● **Record set**
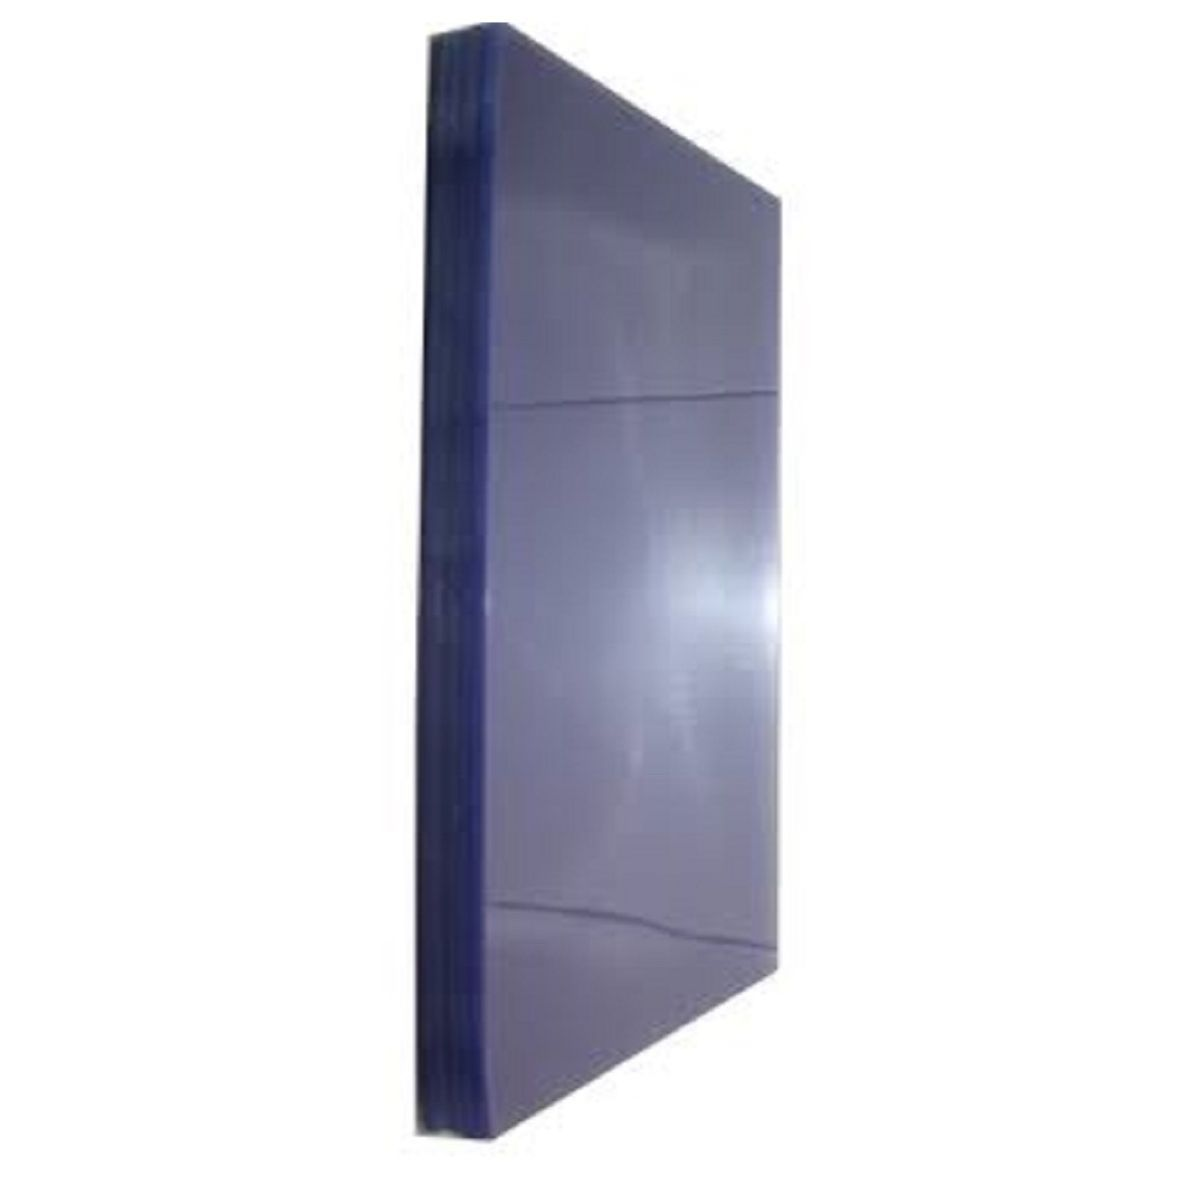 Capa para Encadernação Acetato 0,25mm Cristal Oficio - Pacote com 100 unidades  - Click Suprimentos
--
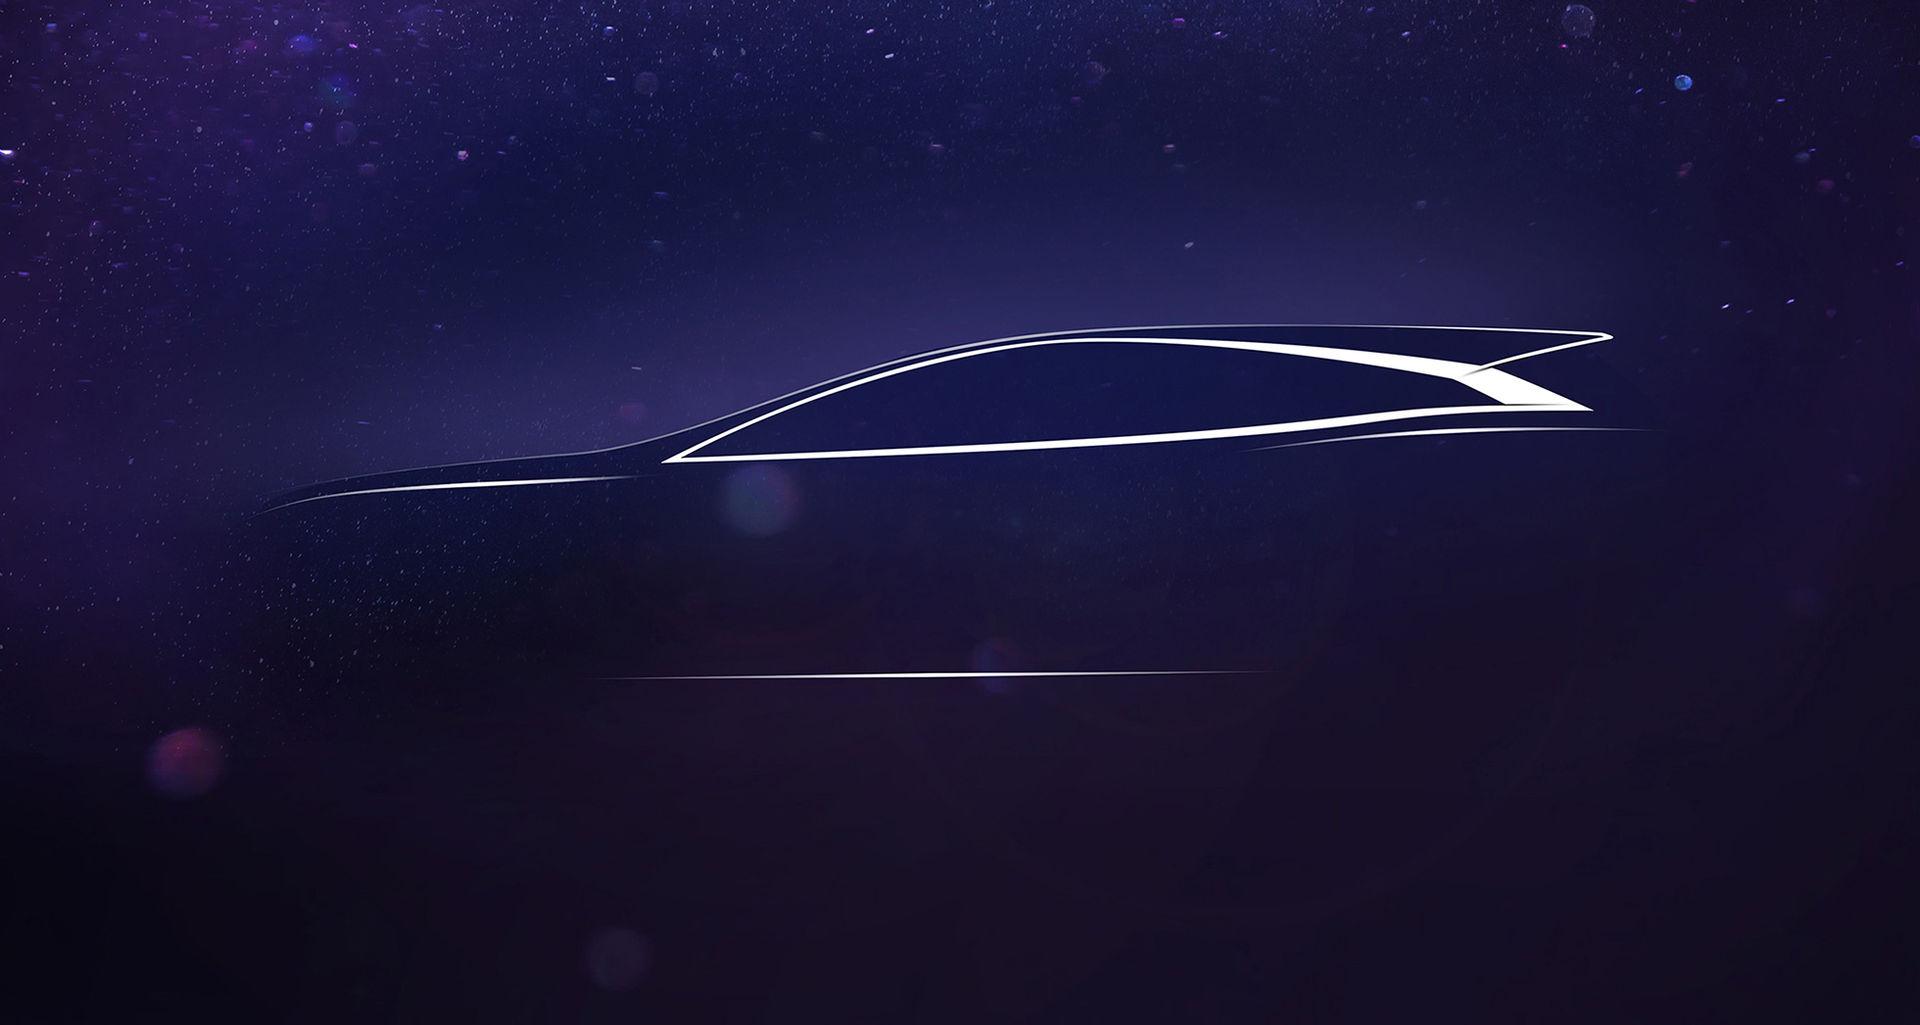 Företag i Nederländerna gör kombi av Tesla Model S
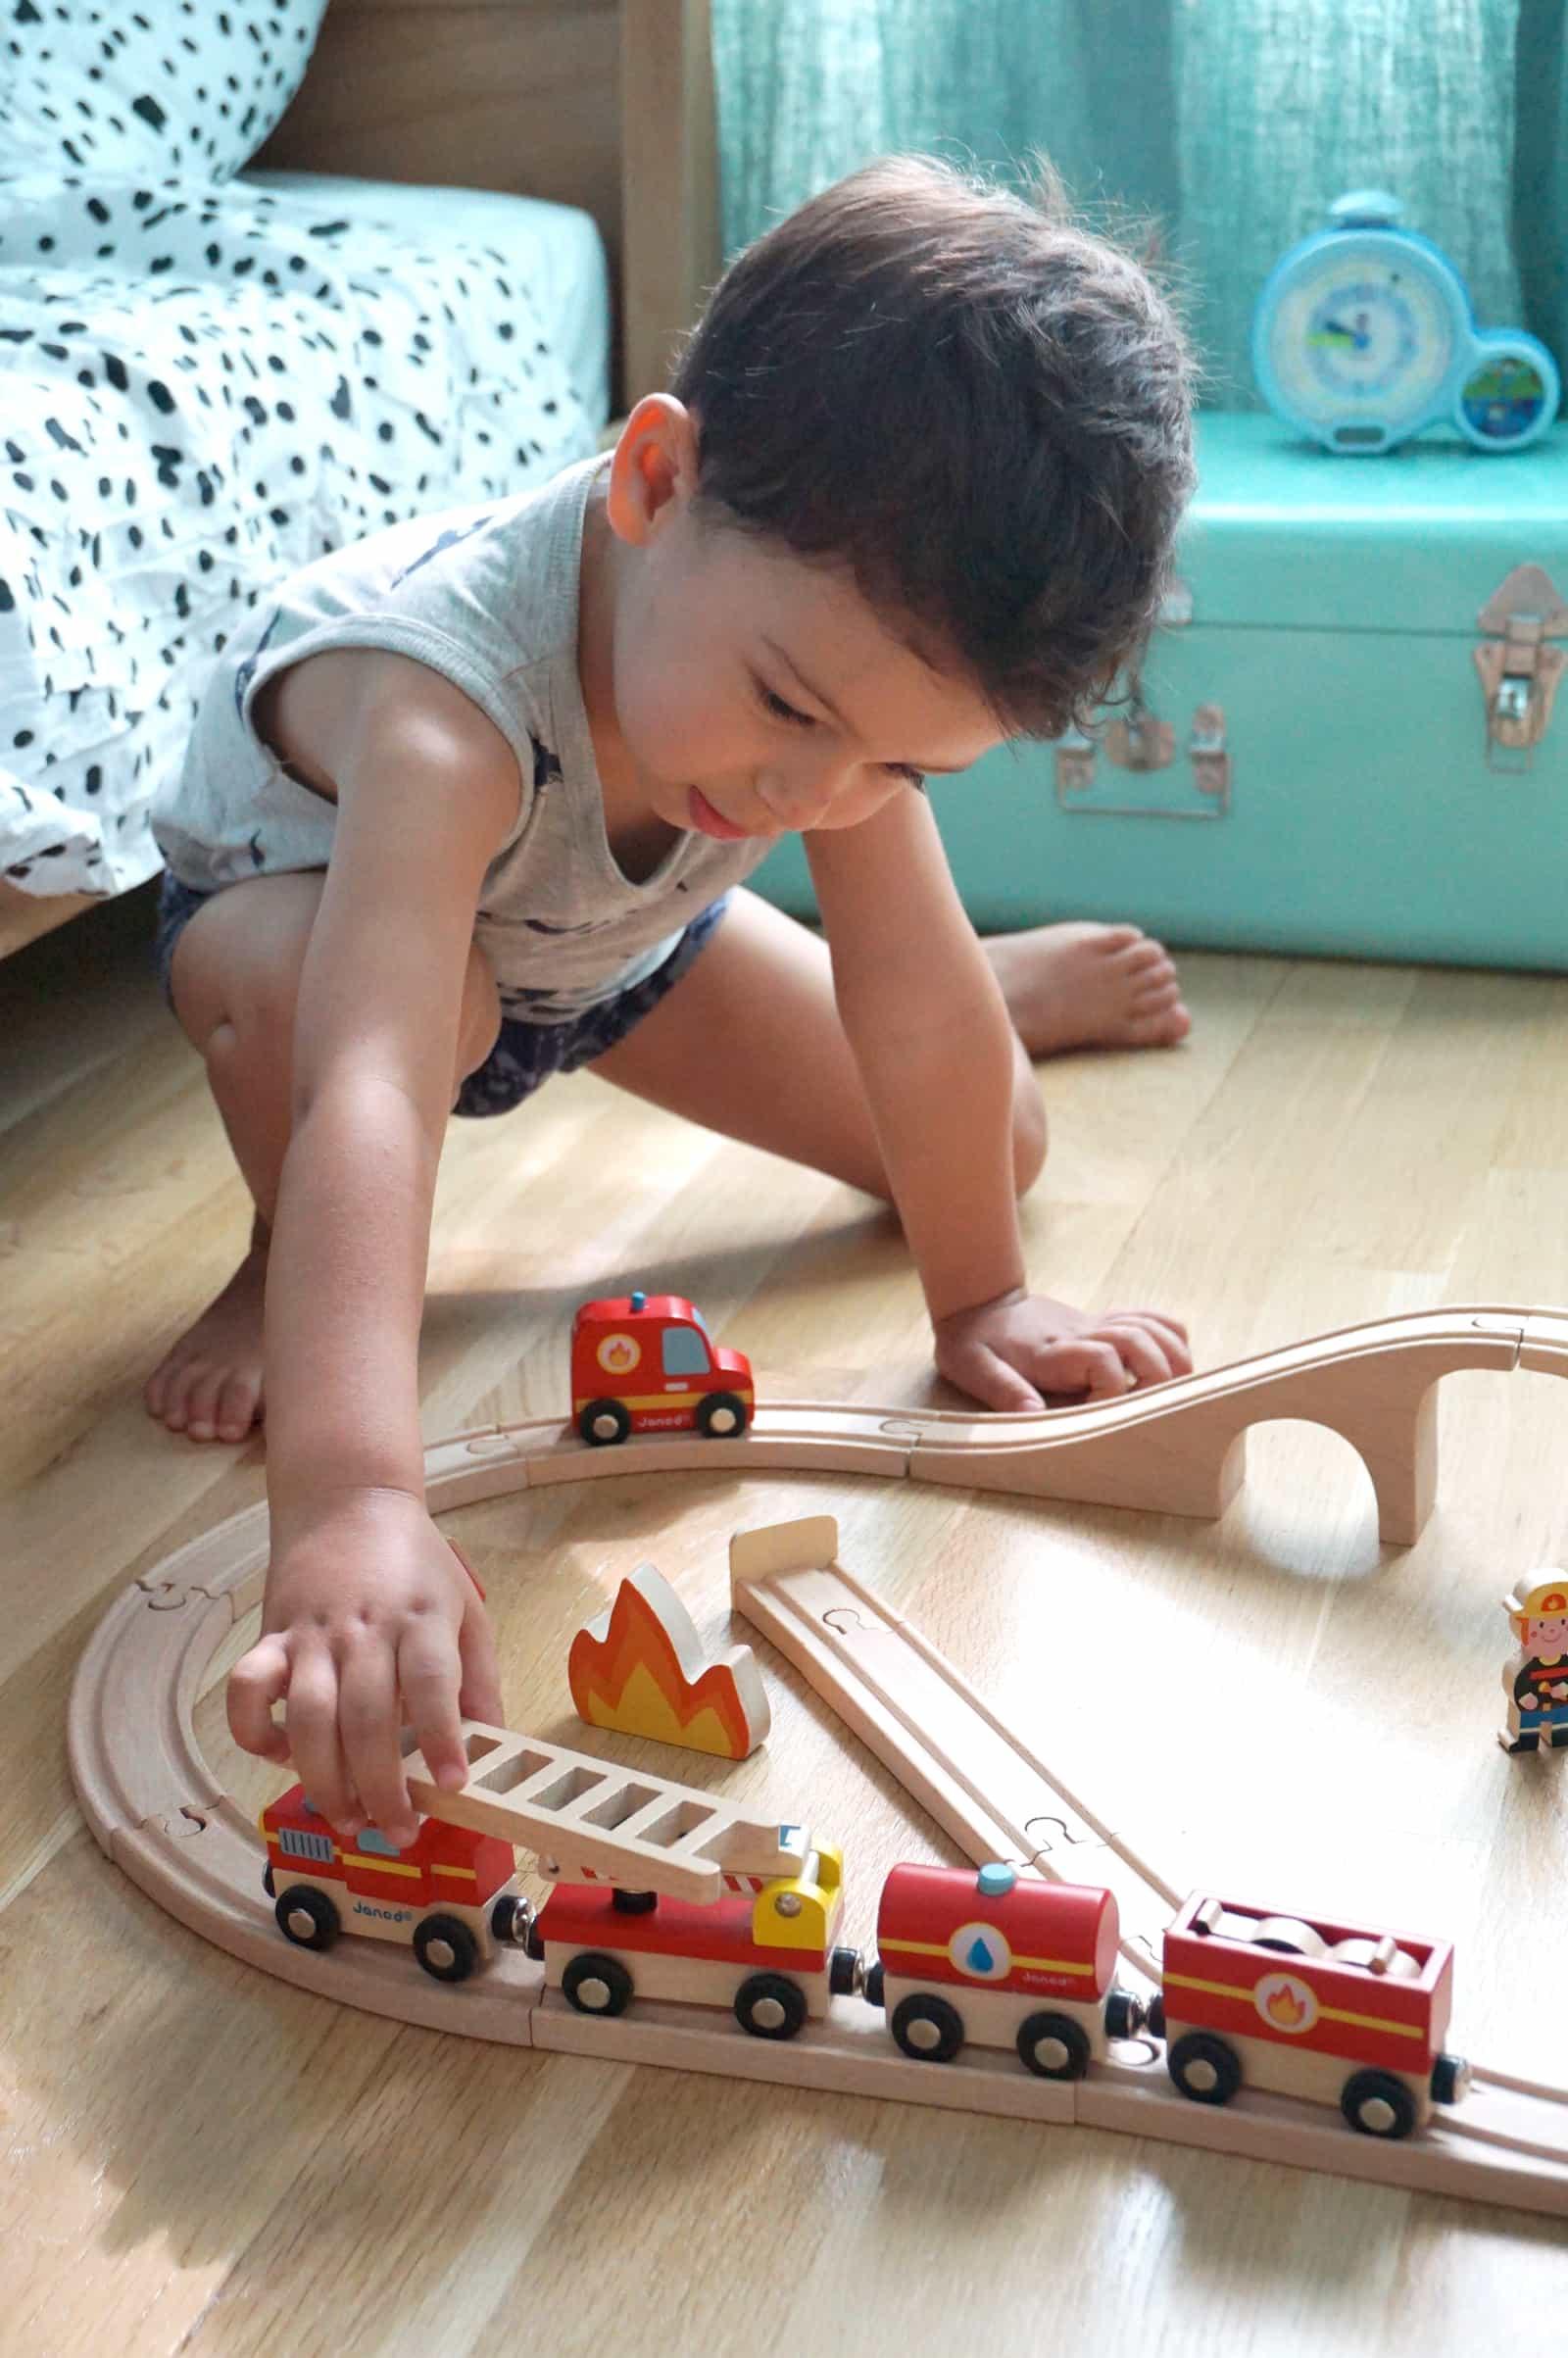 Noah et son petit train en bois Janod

● **Work item**
Starting at the line containing "Företag i Nederländerna" and stopping at the line containing "Noah et son petit train en bois Janod", output every line above exactly, both ends included, with pictures omitted.

● **Answer to the problem**
 Företag i Nederländerna gör kombi av Tesla Model S
 Noah et son petit train en bois Janod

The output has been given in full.